BMCV / galaxy-image-analysis

Galaxy tools for image analysis
MIT License
14 stars 14 forks source link

adds tool for superdsm (without ray patches) #62

Closed kostrykin closed 1 year ago

kostrykin commented 1 year ago

FOR CONTRIBUTOR:


The error I get when running planemo test is the following:

Job in error state.. tool_id: ip_superdsm, exit_code: 1, stderr: 2023-06-21 00:18:53,303    INFO worker.py:1544 -- Started a local Ray instance. View the dashboard at 127.0.0.1:8265 
(raylet) [2023-06-21 00:19:01,791 E 1327542 1327573] (raylet) agent_manager.cc:135: The raylet exited immediately because the Ray agent failed. The raylet fate shares with the agent. This can happen because the Ray agent was unexpectedly killed or failed. Agent can fail when
(raylet) - The version of `grpcio` doesn't follow Ray's requirement. Agent can segfault with the incorrect `grpcio` version. Check the grpcio version `pip freeze | grep grpcio`.
(raylet) - The agent failed to start because of unexpected error or port conflict.

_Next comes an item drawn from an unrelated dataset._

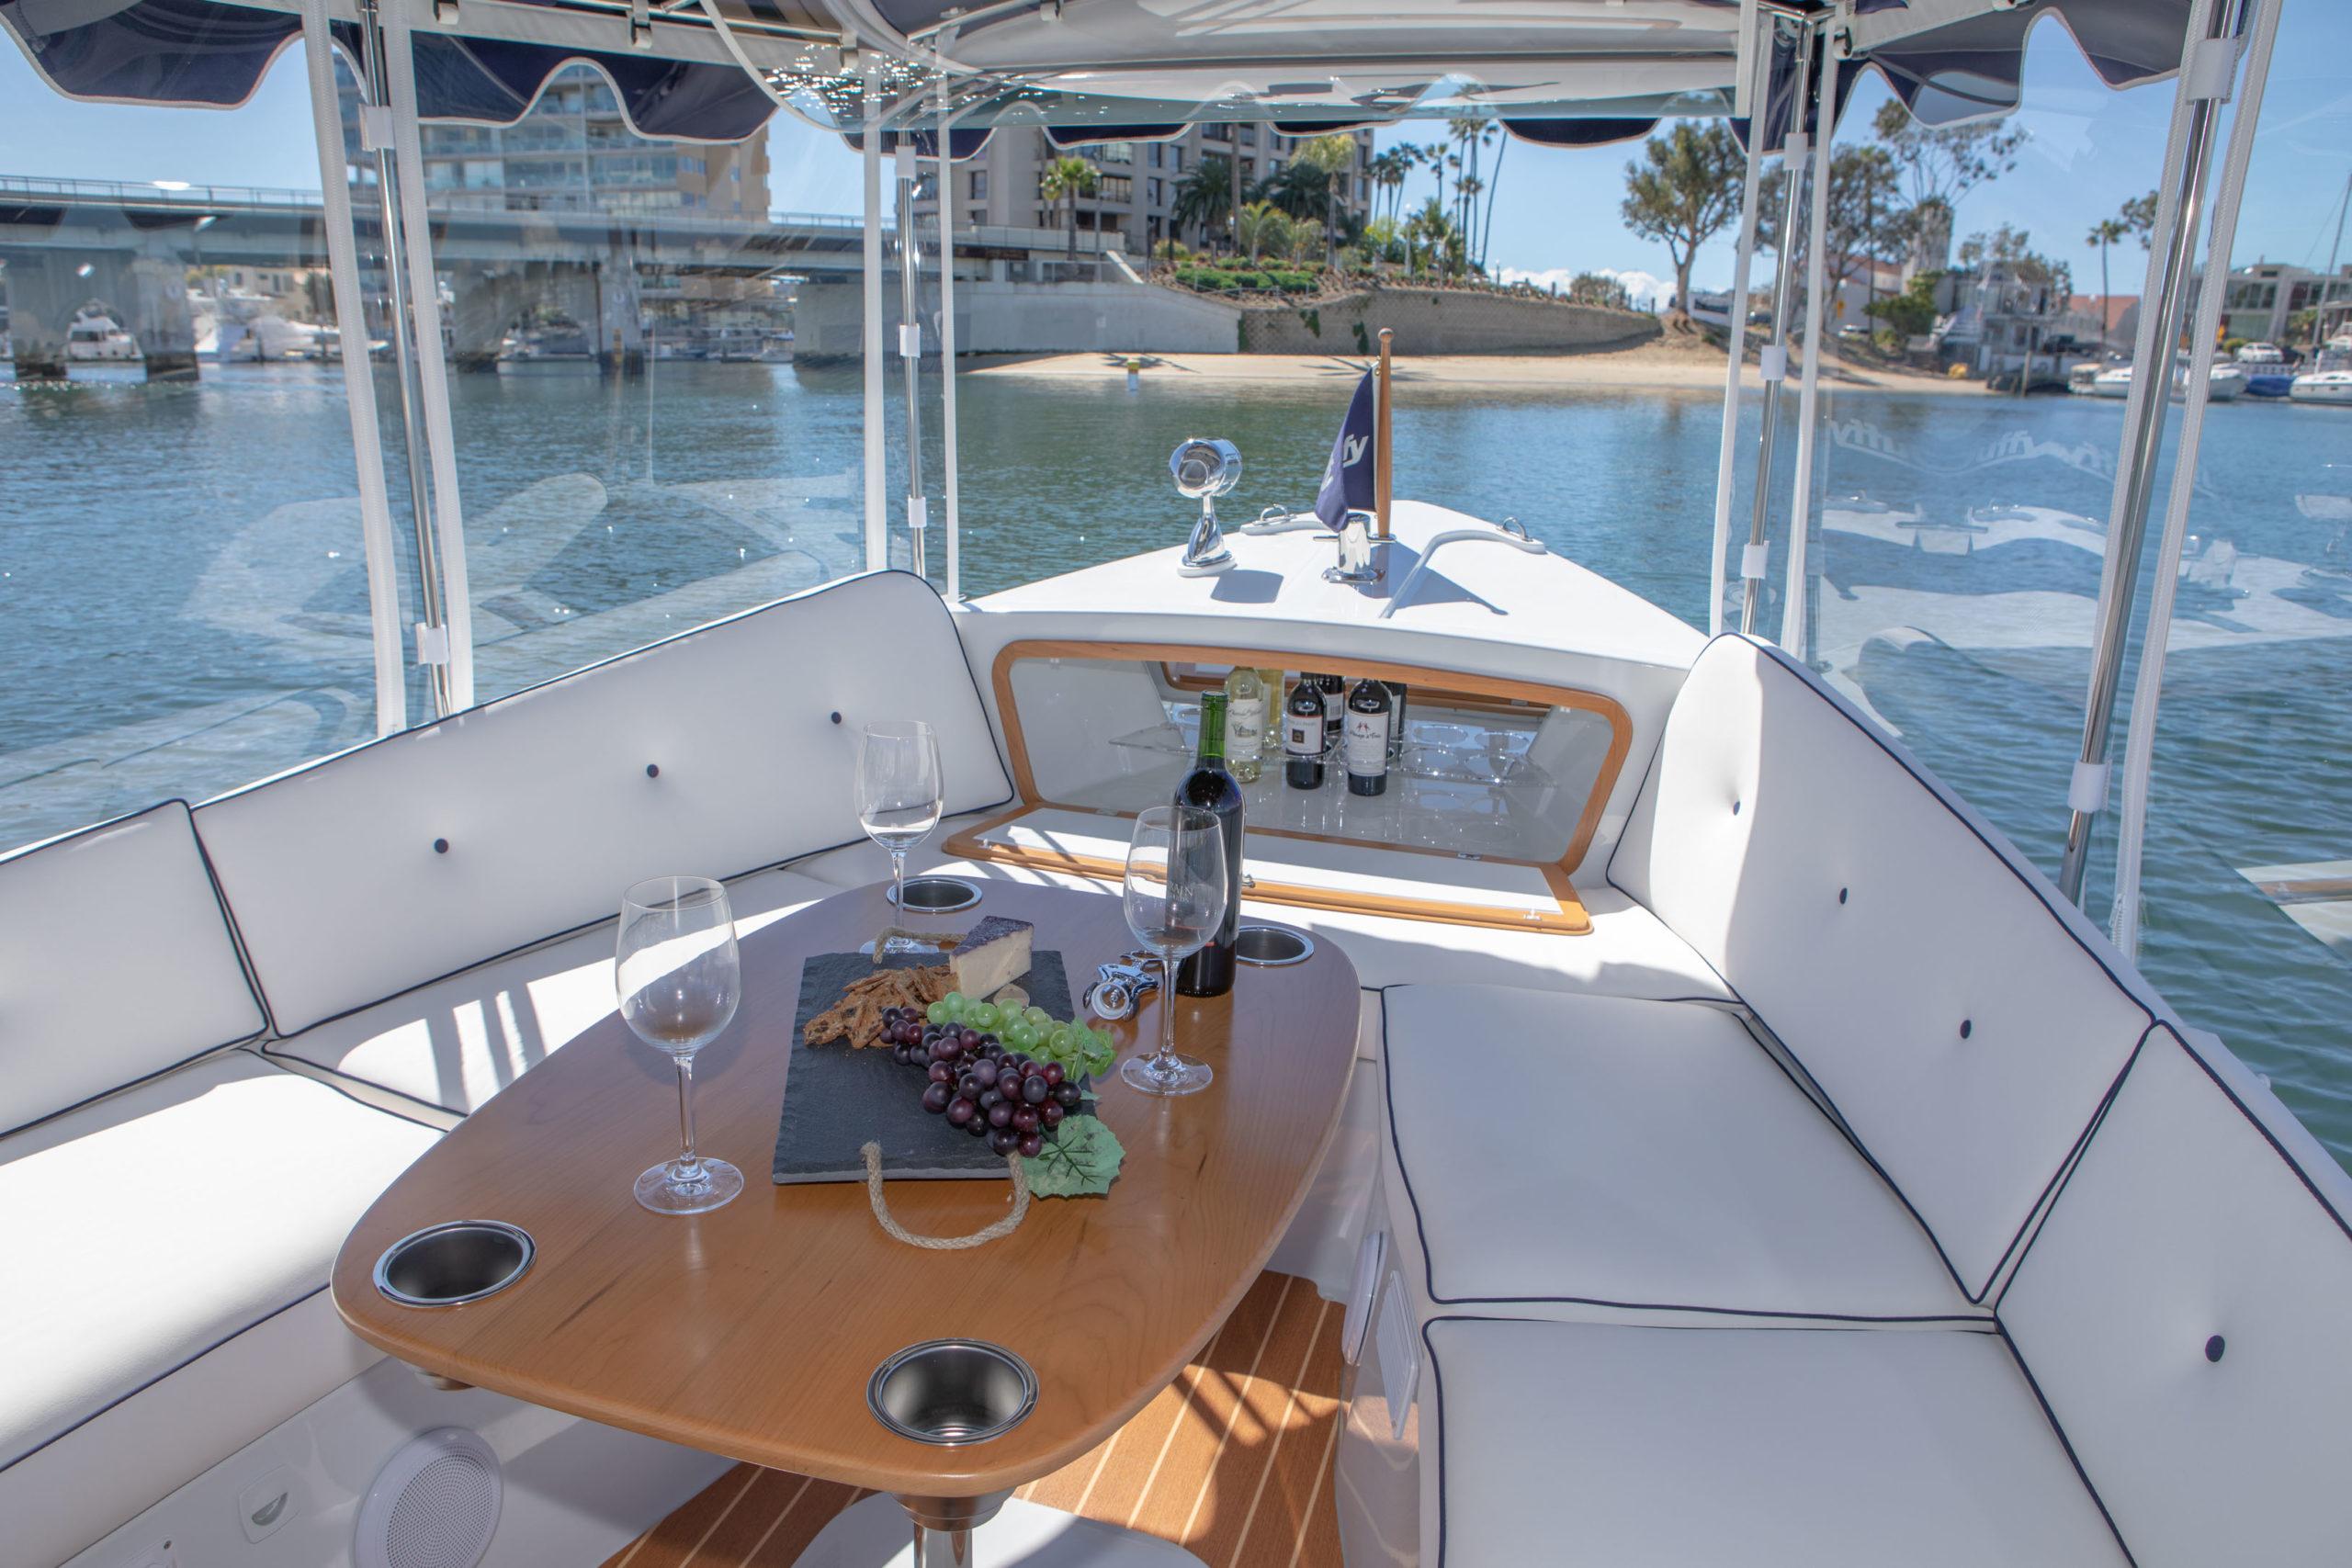 Duffy-Electric-Boats-22-Sun-Cruiser-Interior-2020-9

Read the log `cat /tmp/ray/session_latest/dashboard_agent.log`. You can find the log file structure here https://docs.ray.io/en/master/ray-observability/ray-logging.html#logging-directory-structure.
(raylet) - The agent is killed by the OS (e.g., out of memory).
Traceback (most recent call last):
  File "/home/void/Documents/galaxy-image-analysis/tools/superdsm/run-superdsm.py", line 41, in <module>
    data, cfg, _ = superdsm.automation.process_image(pipeline, cfg, img)
  File "/home/void/miniconda3/envs/mulled-v1-f473b96c9754fd351c3d4e956e80fa4d198ea0b04c54321dd7854a4fc50429b5/lib/python3.9/site-packages/superdsm/automation.py", line 117, in process_image
    return pipeline.process_image(g_raw, cfg=cfg, **kwargs)
  File "/home/void/miniconda3/envs/mulled-v1-f473b96c9754fd351c3d4e956e80fa4d198ea0b04c54321dd7854a4fc50429b5/lib/python3.9/site-packages/superdsm/pipeline.py", line 172, in process_image
    dt = stage(data, cfg, out=out, log_root_dir=log_root_dir)
  File "/home/void/miniconda3/envs/mulled-v1-f473b96c9754fd351c3d4e956e80fa4d198ea0b04c54321dd7854a4fc50429b5/lib/python3.9/site-packages/superdsm/pipeline.py", line 61, in __call__
    output_data = self.process(input_data, cfg=cfg, out=out, log_root_dir=log_root_dir)
  File "/home/void/miniconda3/envs/mulled-v1-f473b96c9754fd351c3d4e956e80fa4d198ea0b04c54321dd7854a4fc50429b5/lib/python3.9/site-packages/superdsm/c2freganal.py", line 148, in process
    y_id = ray.put(y)
  File "/home/void/miniconda3/envs/mulled-v1-f473b96c9754fd351c3d4e956e80fa4d198ea0b04c54321dd7854a4fc50429b5/lib/python3.9/site-packages/ray/_private/client_mode_hook.py", line 105, in wrapper
    return func(*args, **kwargs)
  File "/home/void/miniconda3/envs/mulled-v1-f473b96c9754fd351c3d4e956e80fa4d198ea0b04c54321dd7854a4fc50429b5/lib/python3.9/site-packages/ray/_private/worker.py", line 2452, in put
    object_ref = worker.put_object(value, owner_address=serialize_owner_address)
  File "/home/void/miniconda3/envs/mulled-v1-f473b96c9754fd351c3d4e956e80fa4d198ea0b04c54321dd7854a4fc50429b5/lib/python3.9/site-packages/ray/_private/worker.py", line 621, in put_object
    self.core_worker.put_serialized_object_and_increment_local_ref(
  File "python/ray/_raylet.pyx", line 1780, in ray._raylet.CoreWorker.put_serialized_object_and_increment_local_ref
  File "python/ray/_raylet.pyx", line 1669, in ray._raylet.CoreWorker._create_put_buffer
  File "python/ray/_raylet.pyx", line 209, in ray._raylet.check_status
ray.exceptions.RaySystemError: System error: Broken pipe

I suspect memory issues to be the cause due to the "The agent is killed by the OS (e.g., out of memory)" hint and since the error occurs when calling ray.put, which is supposed to allocate inter-process shared memory.